NFL owners nearly tripled Commissioner Roger Goodell’s compensation in '11, paying him $29.49M and likely making him the top paid commissioner in sports. The figure is in the league’s tax return, which the NFL is scheduled to file with the IRS by the end of the day Friday. Most of the pay is in the form of a $22.3M bonus, a compensation structure that will continue into the future. Goodell’s pay is now more closely tied to his performance and not largely derived from a set salary, which was $3.12M in '11. He earned $11.6M total in '10.
As the report reminds us, Goodell led the league in negotiations during a lengthy lockout at the time. By the end of the year, there was a "10-year labor deal and lucrative new TV contracts."
As The NY Daily News reported back in July of 2011, the new deal granted what amounted to a 4 percent decrease in the revenue share for the league's players.
Players get between 47%-48.5% of all revenue, down about 4% from previous deal. Owners no longer take $1 billion off the top. Previously, players received 59.6% after $1 billion credit.
Along with the new CBA, Goodell has lead the charge against trying to clean up the game from concussion-inducing hits.
With heavy fines and his investigation into the Saints bounty program, the players have sounded off in their dislike of the job the commissioner is doing.
ESPN cited a recent poll that surveyed 300 active player who remained anonymous. The outcome was 61 percent of respondents saying they "disapprove of Goodell's performance."
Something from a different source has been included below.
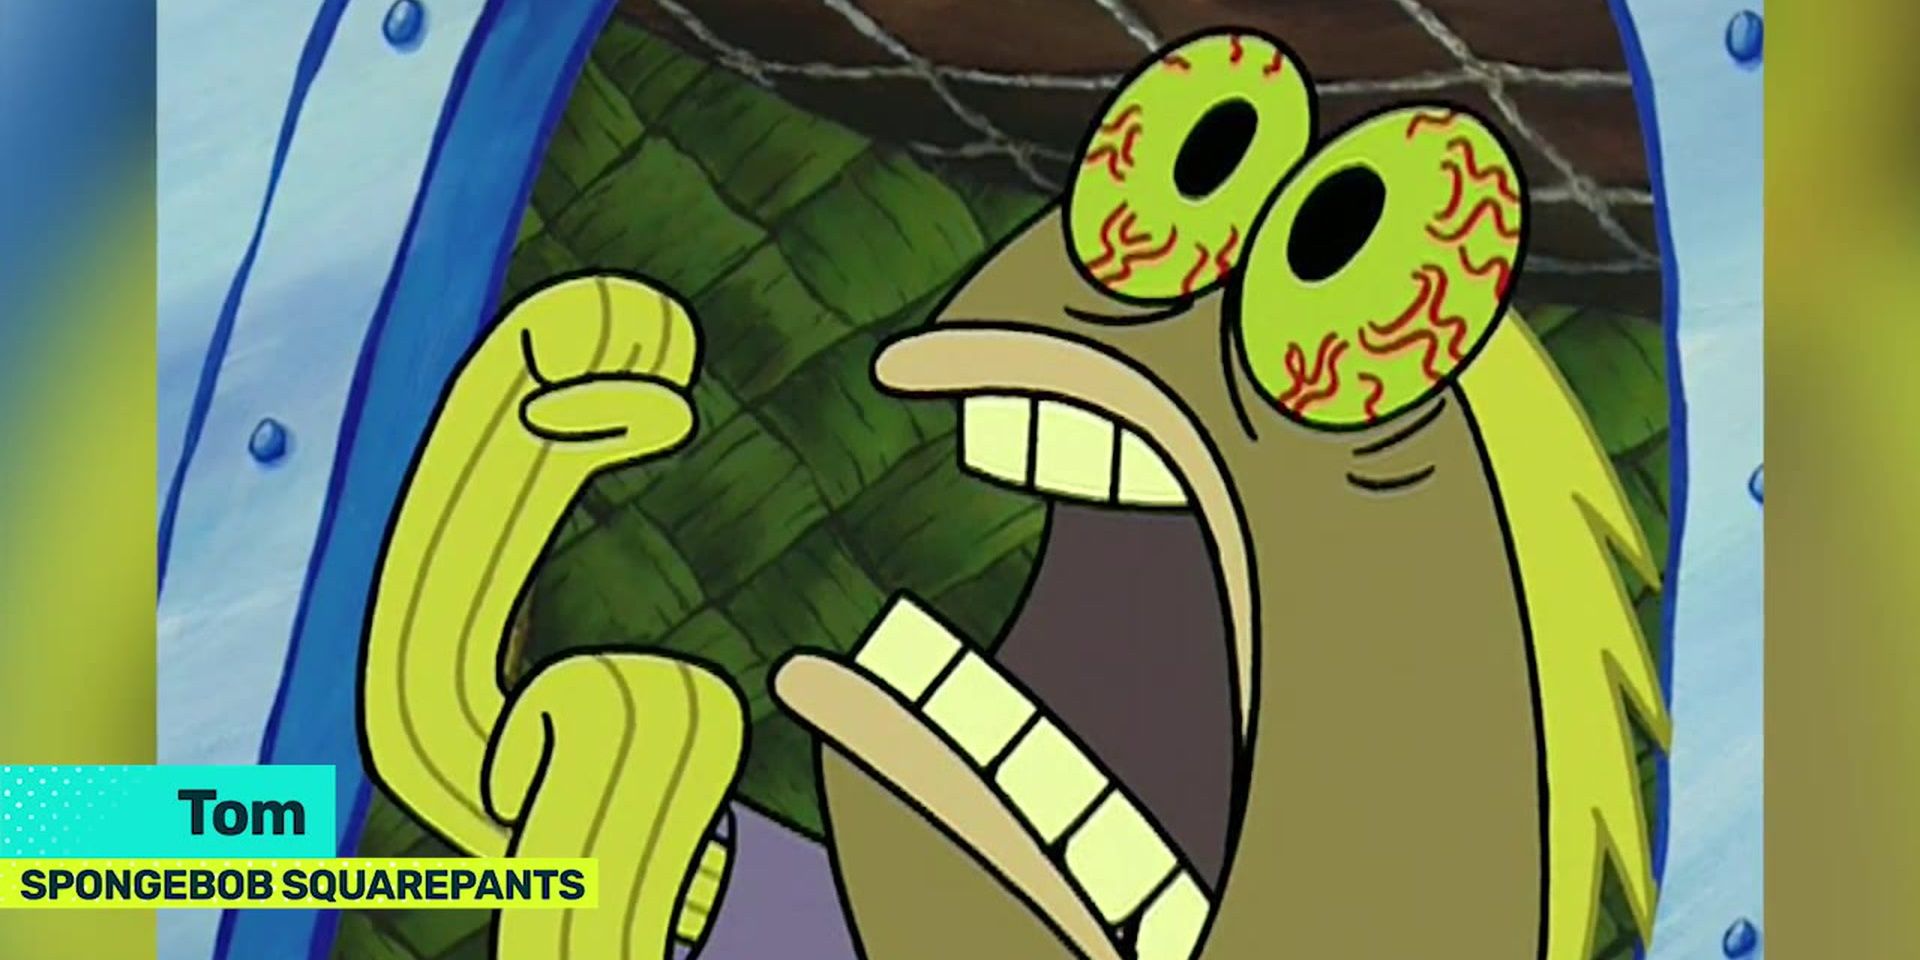 Screaming Chocolate Guy with eyes bulging. Image source: Encyclopedia SpongeBobia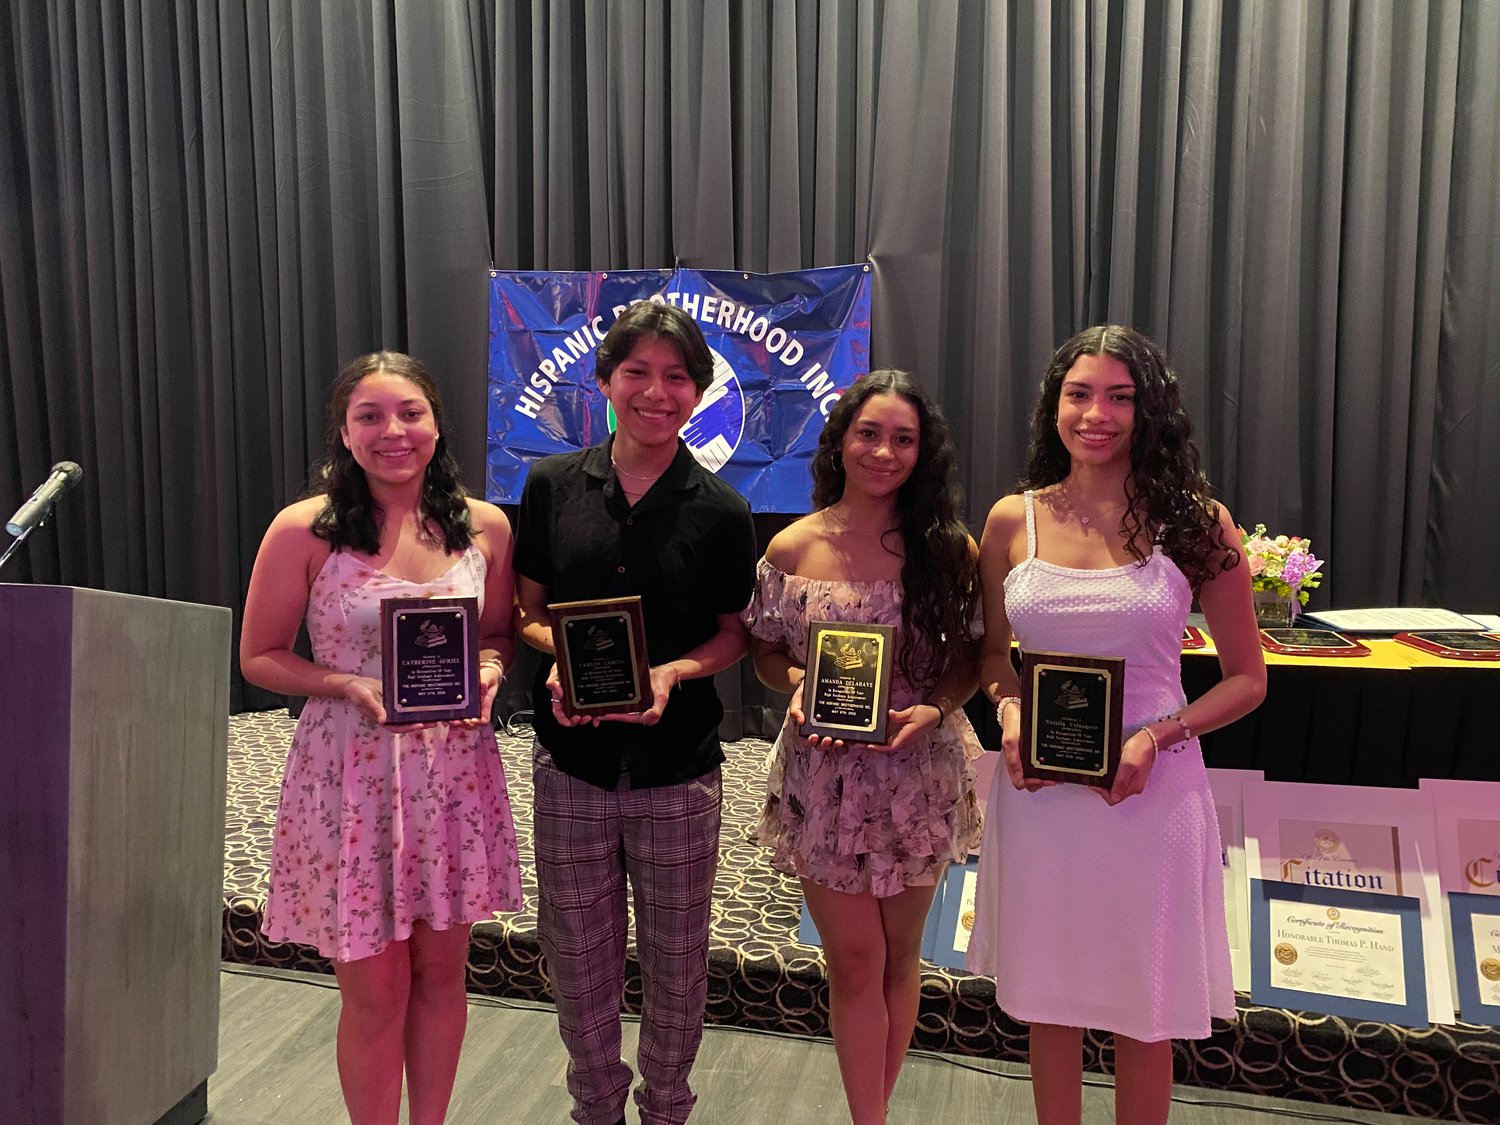 Catherine Suriel, Carlos Garcia Jr., Amanda Delahaye and Natalia Velasquez (left to right) were awarded scholarships by the Hispanic Brotherhood last Thursday.

39 percent of respondents who found Goodell's performance favorable cited his help in growing the sport.
The sentiment of most fans (and the point of view of B/R's own Matt King) seems to be resonating with the owners.
Really, this is what we should attribute the enormous pay bump to most. Even the Sports Business Daily report does well to state NBA commissioner David Stern and MLB commissioner Bud Selig are thought to earn somewhere in the vicinity of the mid $20 million range.
Marc Ganis, president of SportsCorp, really made it all simple with, "the concept is if Roger and the league performs, as the best league in the United States, he should be compensated consistent with that."
The NFL continues to be the main league every sports fan marks down on their calendars each year and is arguably now "America's Favorite Pastime."
The Post Gazette reported the 12 most-watched sporting events in 2012 were all NFL games, making it perhaps the most popular sport in the nation.
Its commissioner should be paid in tandem with that accomplishment, though I am sure many of the players might disagree.